Thanks everyone for sharing! I will have to give the holy trinity a try. Sounds interesting, God bless her soul.

I am confused by two things. Coconut milk actually inhibits bubbles? And SF up to 20%? Wouldn't that increase the spoilage rate significantly?


----------



## DeeAnna (Jan 11, 2014)

Okay, I'm "popping in" about the sugar => more bubbles thing. Makes me feel a little like Mary Poppins!  

A couple of definitions:
Soap film = a very thin sturdy layer of soap and water and possibly other ingredients.
Soap bubble = a spherical soap film that encloses a certain volume of air.

The lifetime and size of a soap bubble depends on 
    (1) the strength and elasticity of the soap film itself which depends on the ingredients in the soap solution, 
    (2) the rate of evaporation of water out of the soap film, 
    (3) the presence of contaminants such as dirt or fat, and 
    (4) the rate of drainage of water in the soap film toward the bottom of the bubble due to gravity.
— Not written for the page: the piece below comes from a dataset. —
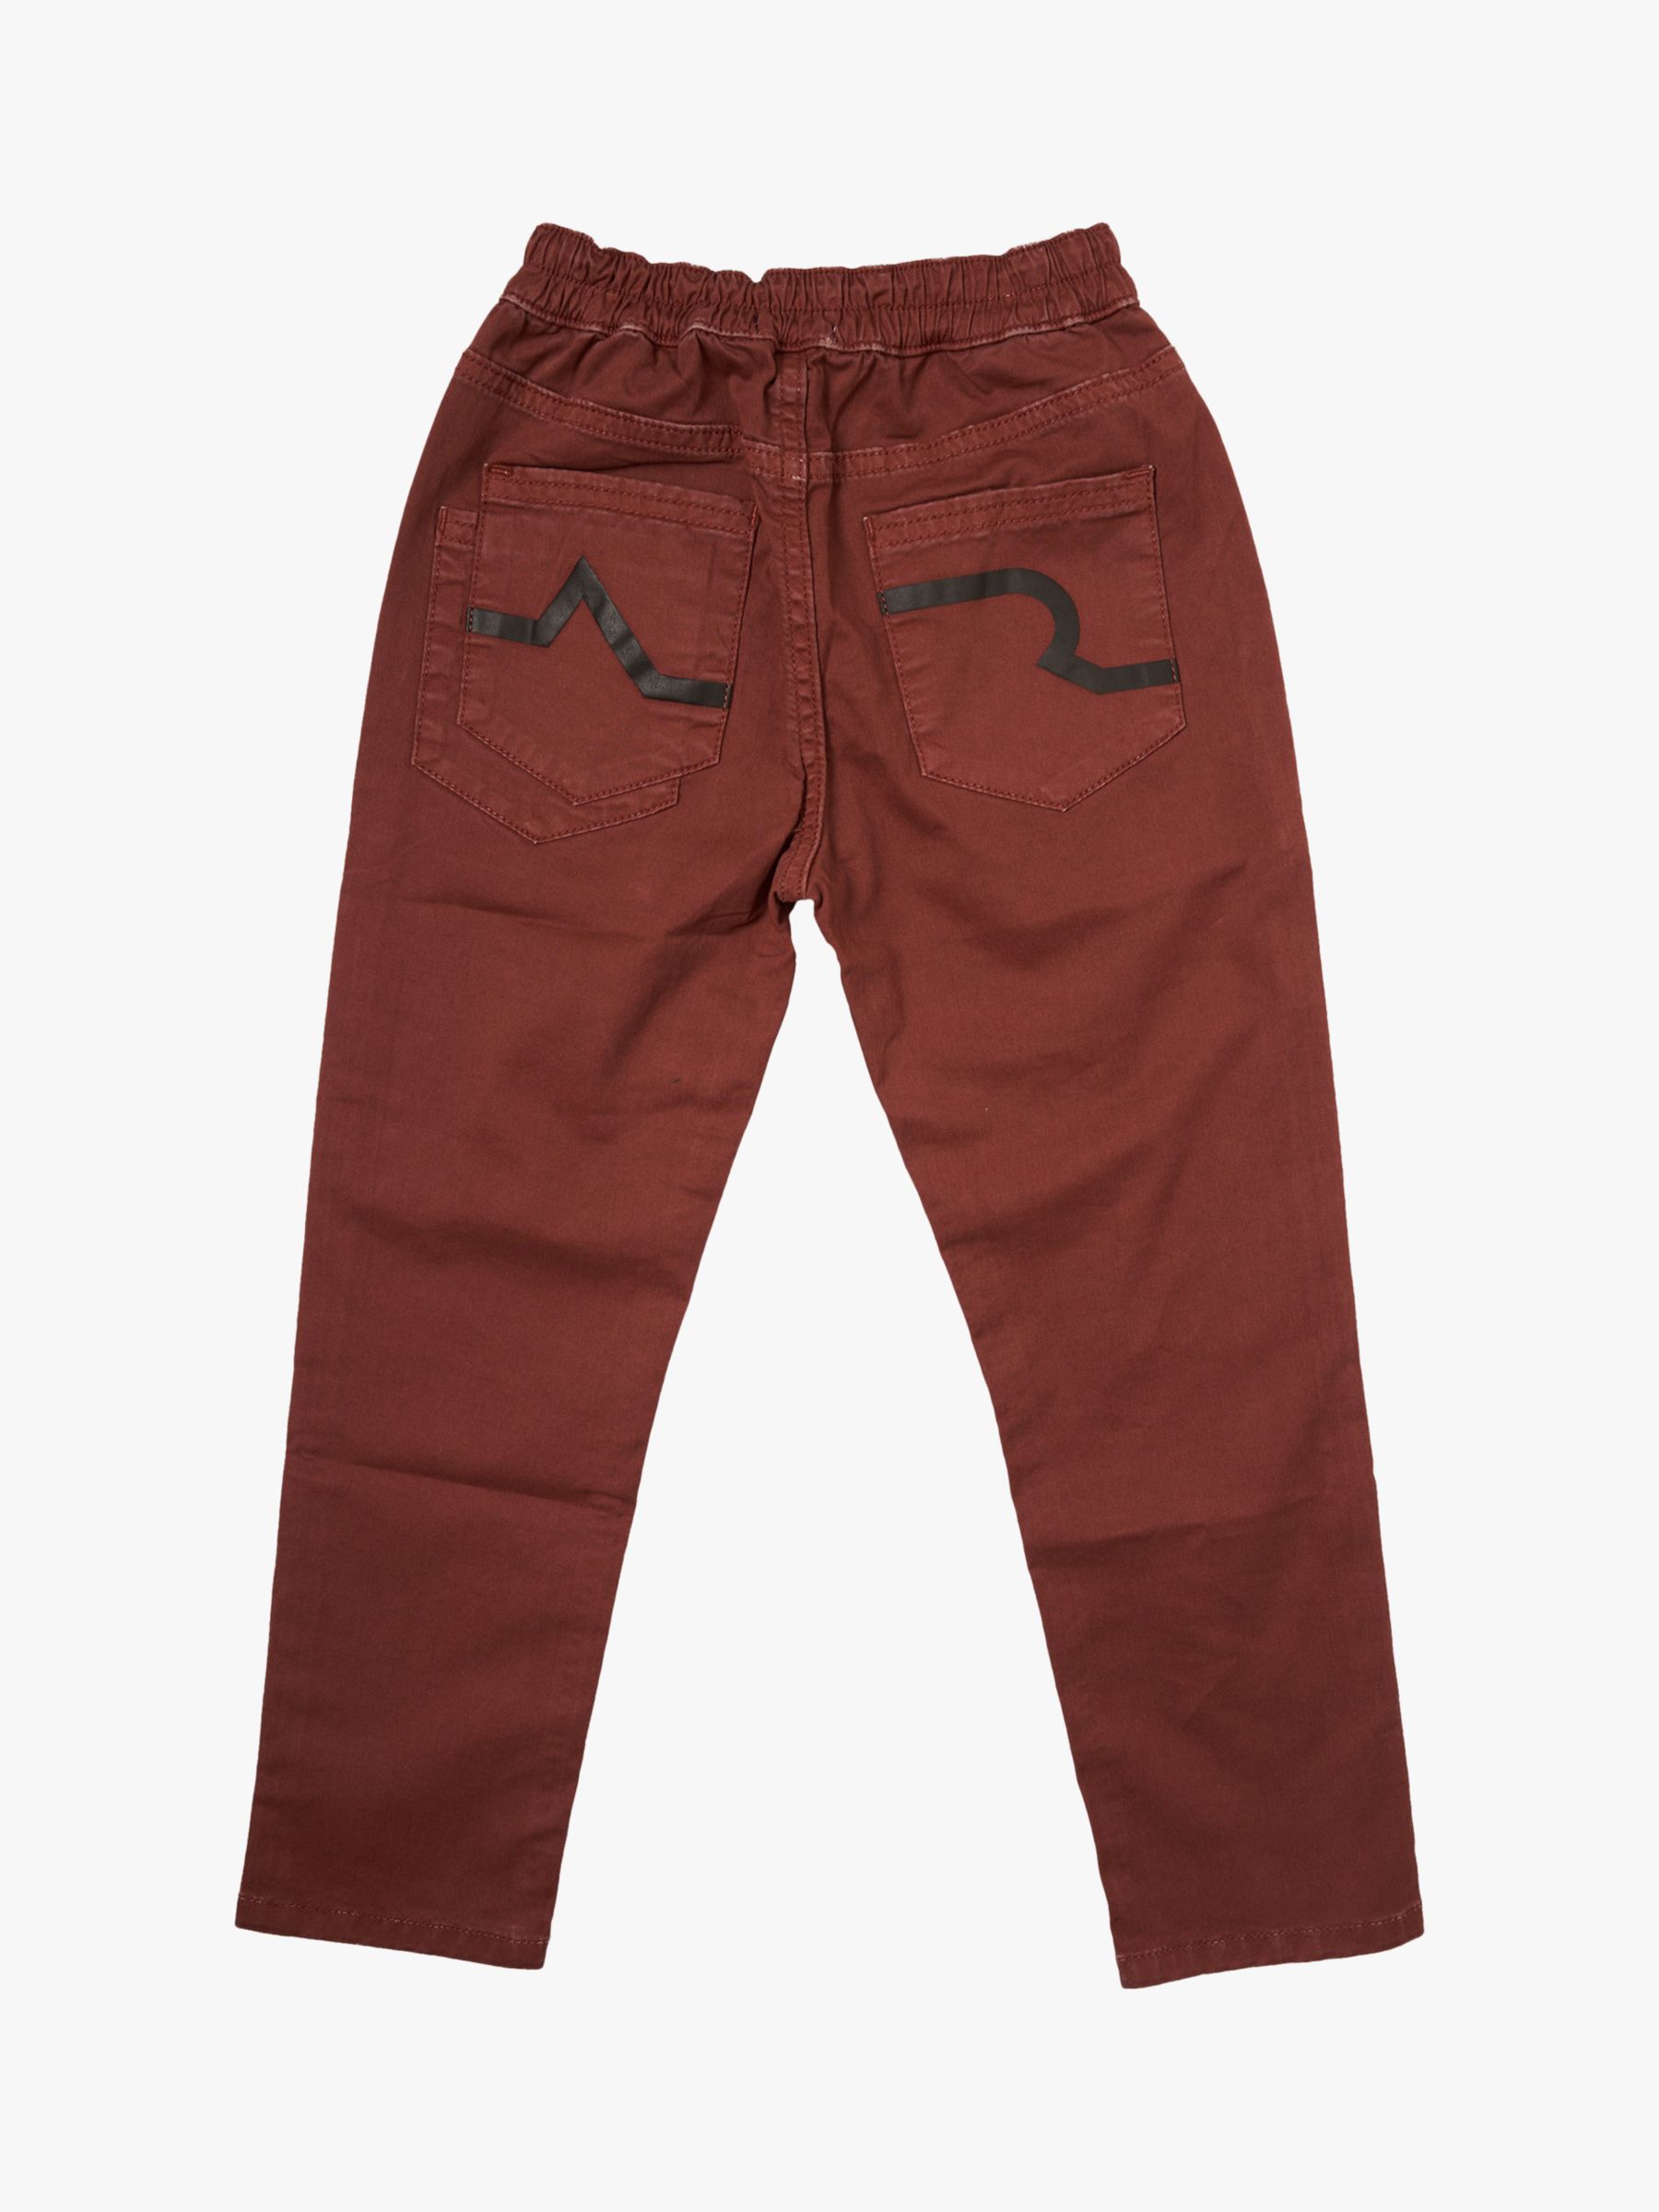 Buy Angel & Rocket Kids' Kyron Washed Jeans, Tan Online at johnlewis.com

To make long lived bubbles, you would want to make a relatively strong elastic soap film, slow the evaporation of water, and minimize contaminants in the soap film.

What does a sugar solution or glycerin contribute toward this goal? Up to a point, these ingredients will reduce water evaporation and increase the soap film strength. If too much sugar or glycerin is added, they will cut lather, however, because they will increase the viscosity (thickness) of the soap solution too much. If the soap solution is too thick and syrupy => few or no bubbles. So don't get carried away!

And, since I cannot resist the temptation to expand on this topic....

Castor adds ricinoleic acid to a soap recipe. Ricinoleic acid is an unusual fatty acid because it is somewhat water soluble -- more so than any other fatty acid normally used in soap making. As others have pointed out elsewhere on SMF, castor added to a soap recipe can add bubble-age, even though a pure castor soap doesn't bubble much. This partial water solubility is probably the reason why -- castor soap acts a bit like glycerin or sugar to make a more stable soap film when part of a mixed soap.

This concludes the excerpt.